───── Supplied material ─────

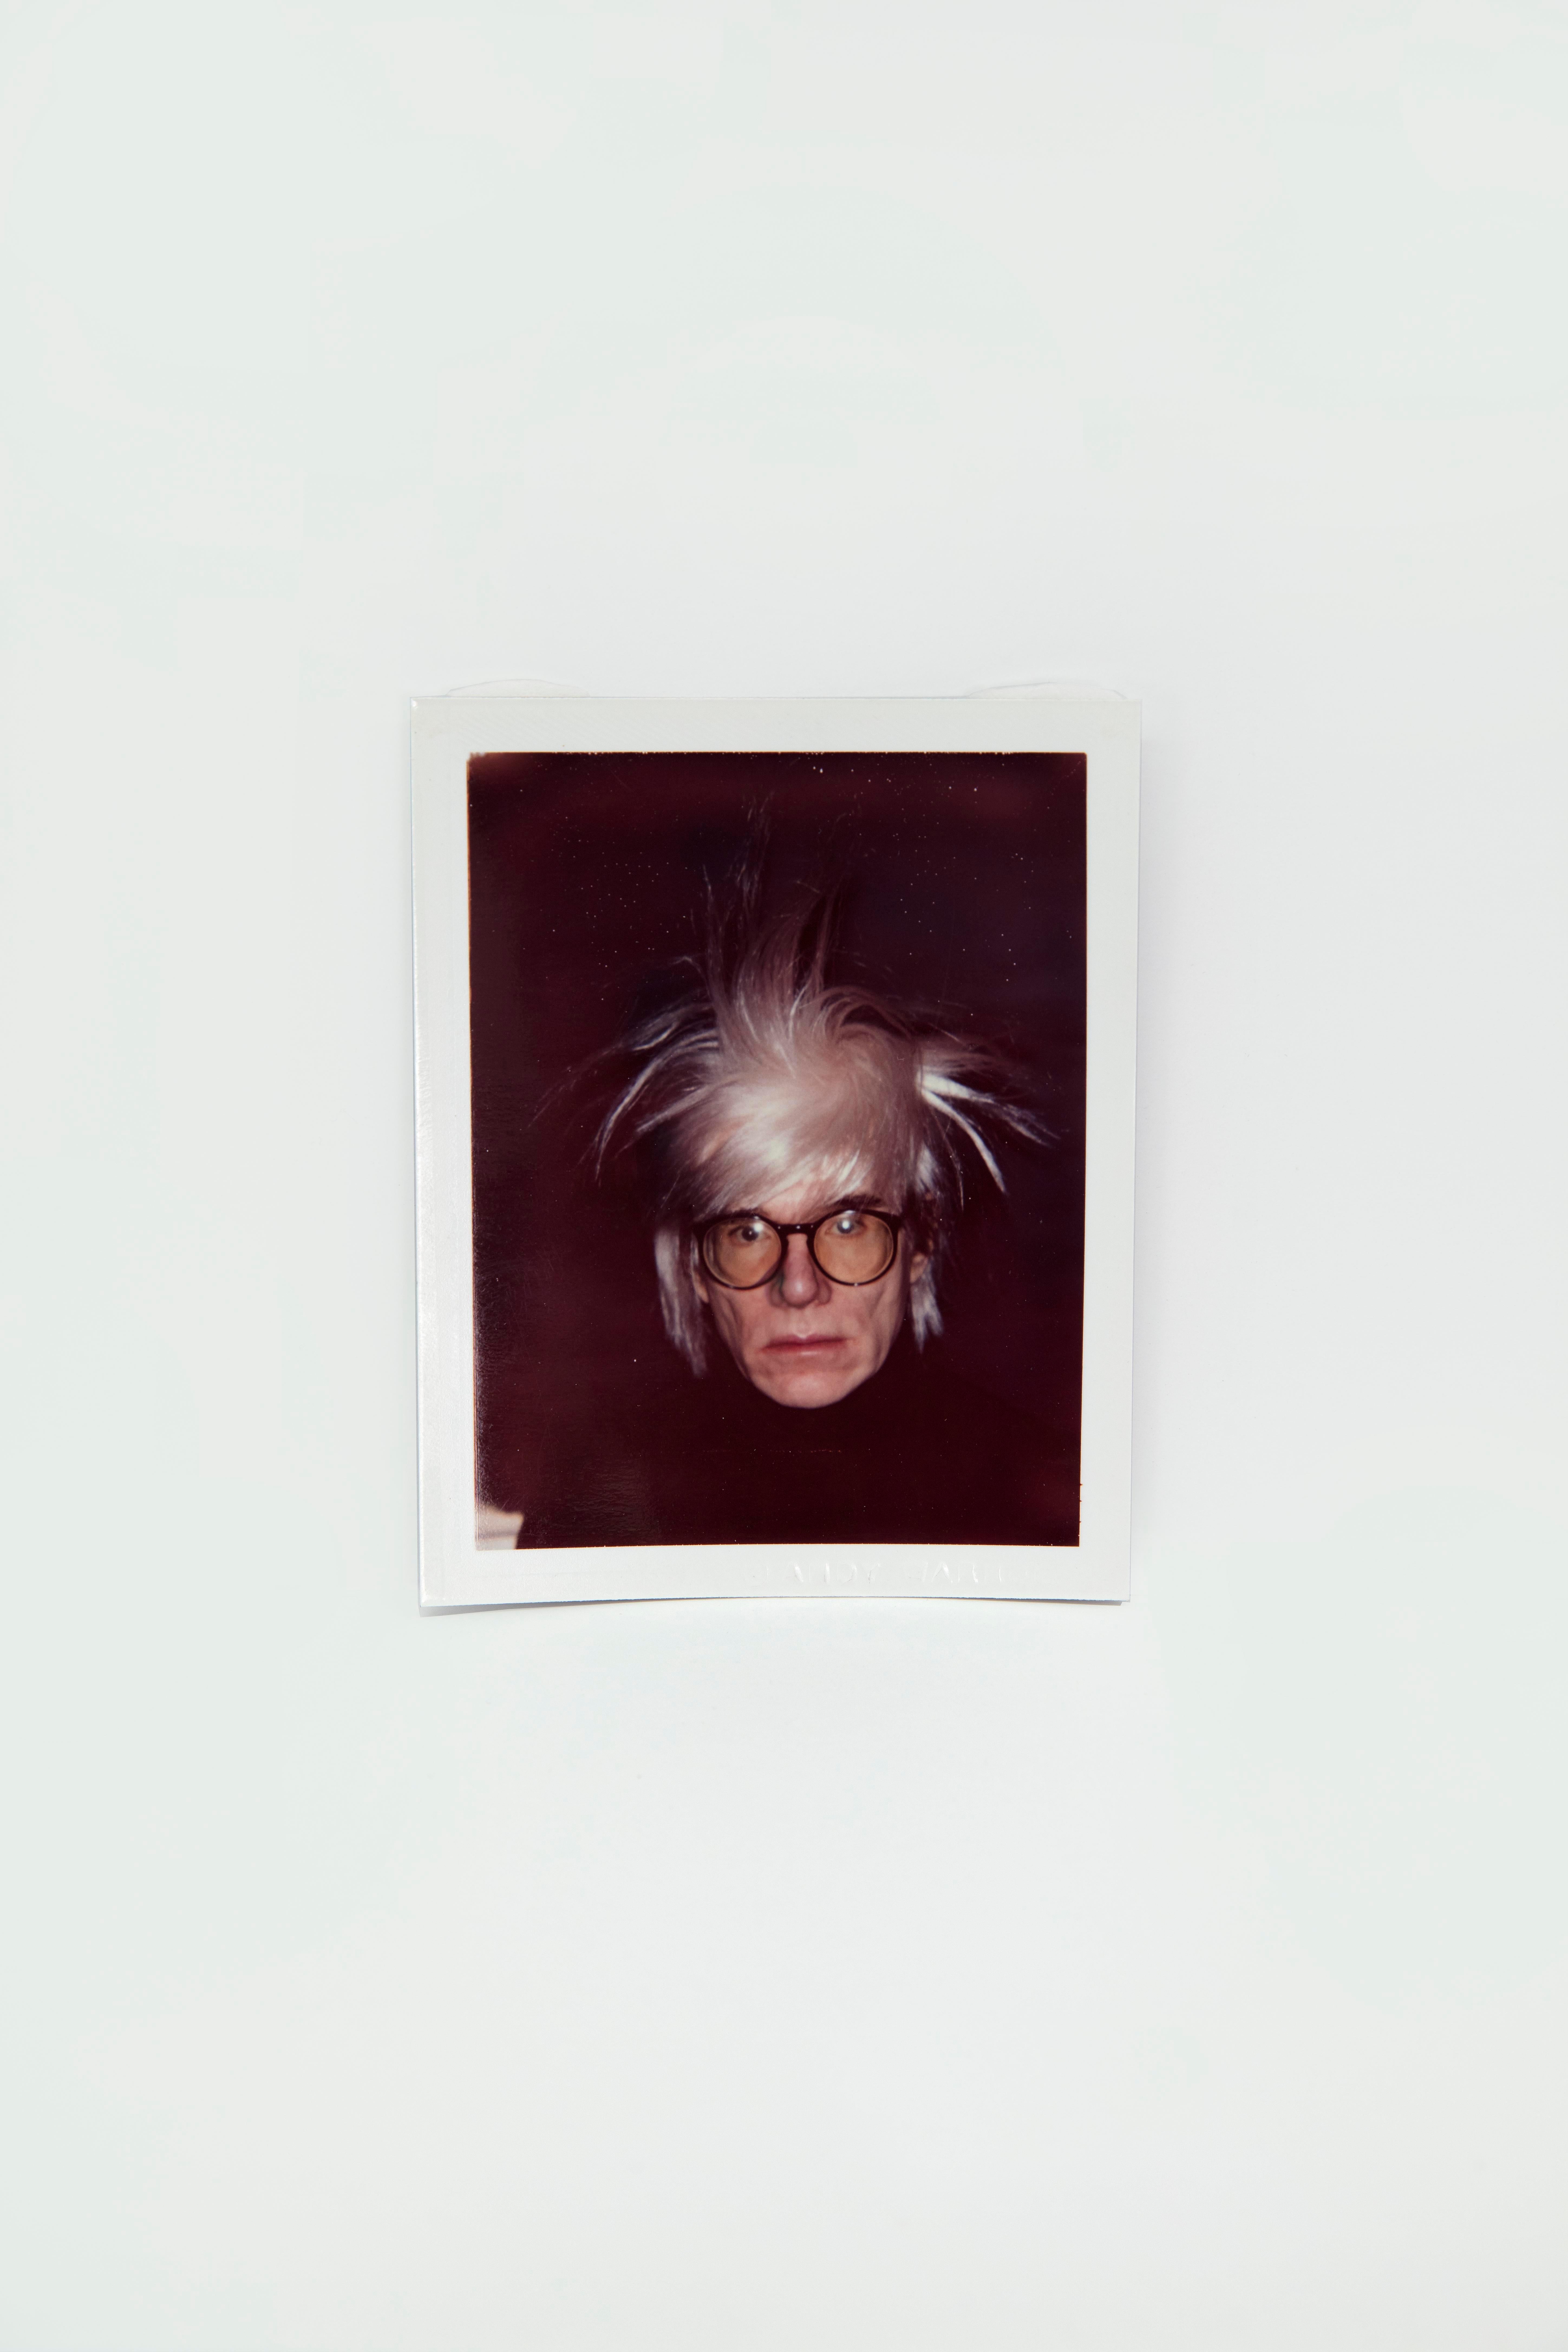 Abmessungen des Bildes: 4,25 x 3,375 Zoll.
Gerahmte Abmessungen: 12,125 x 12,125 Zoll.
Rückseitig zweimal gestempelt von The Estate of Andy Warhol und The Andy Warhol Foundation for the Visual Arts. Die Inventarnummer der Andy Warhol Foundation for
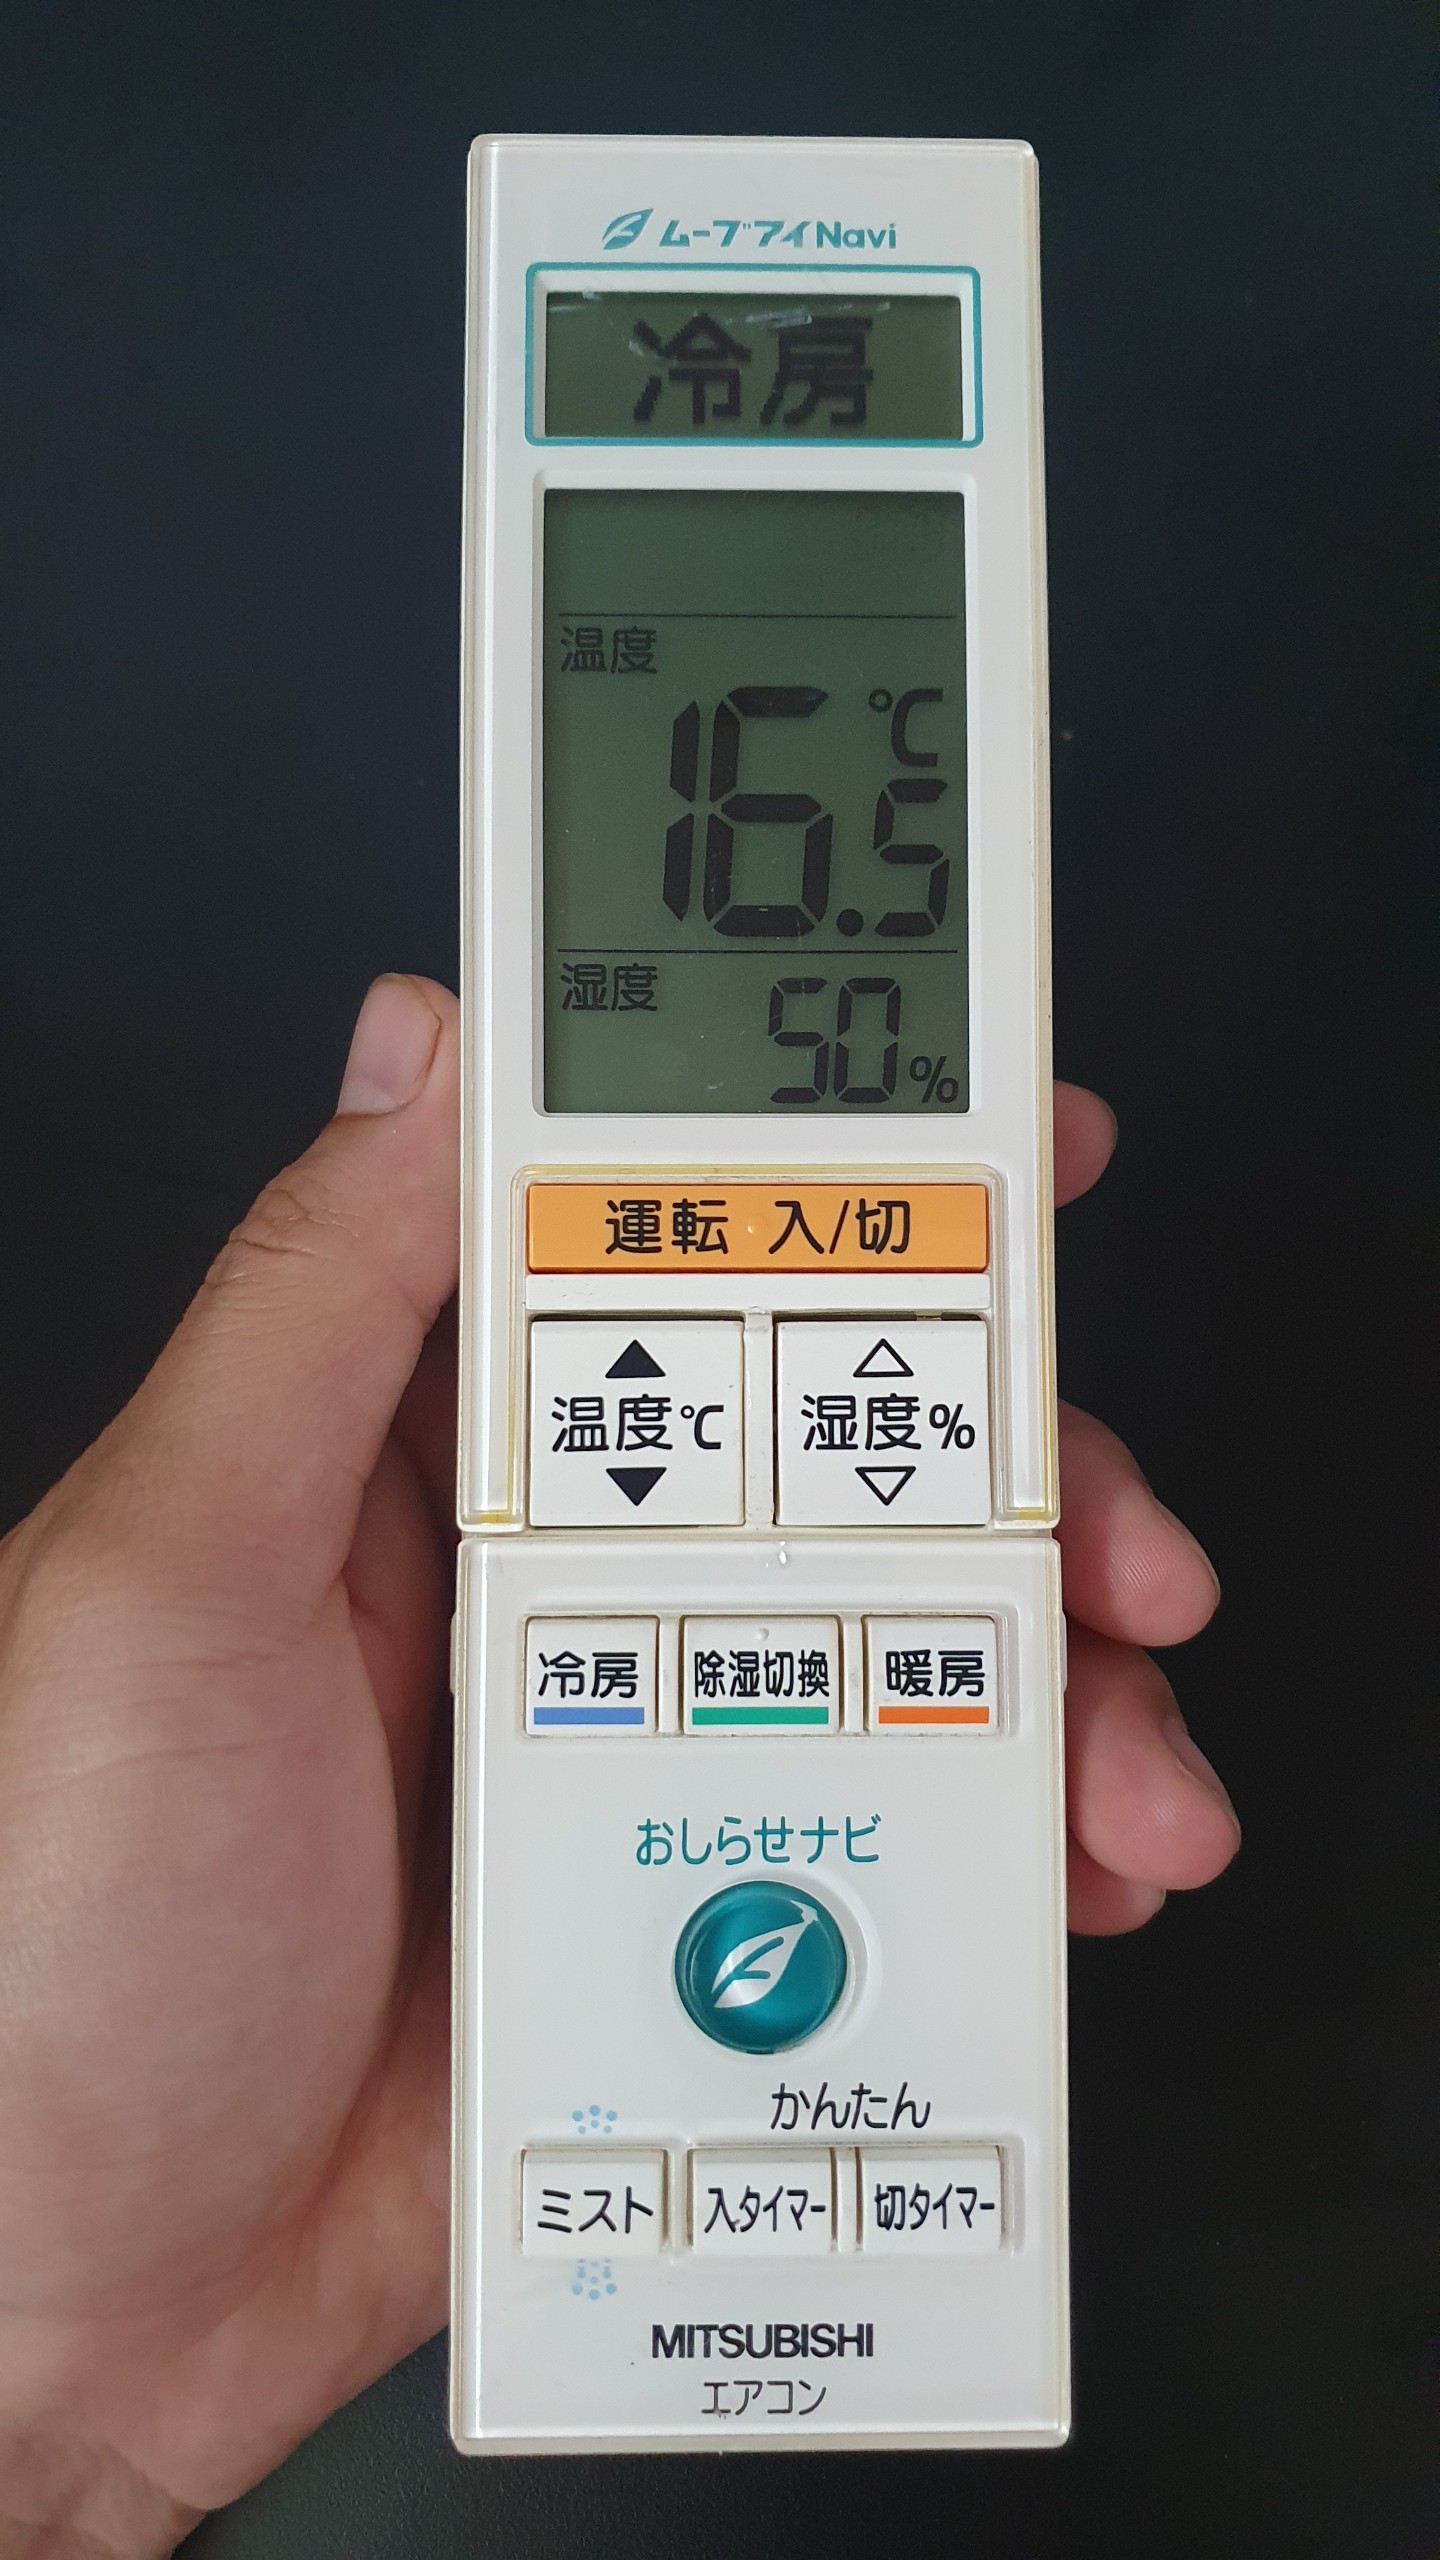 Remote Máy Lạnh Mitsubishi Nội Địa Nhật Đa Chức Năng M211V3426

─────

Aim of the task =
Go through the material above and print all of it exactly, except the pictures.

Output for this exercise =
 Abmessungen des Bildes: 4,25 x 3,375 Zoll.
Gerahmte Abmessungen: 12,125 x 12,125 Zoll.
Rückseitig zweimal gestempelt von The Estate of Andy Warhol und The Andy Warhol Foundation for the Visual Arts. Die Inventarnummer der Andy Warhol Foundation for
 Remote Máy Lạnh Mitsubishi Nội Địa Nhật Đa Chức Năng M211V3426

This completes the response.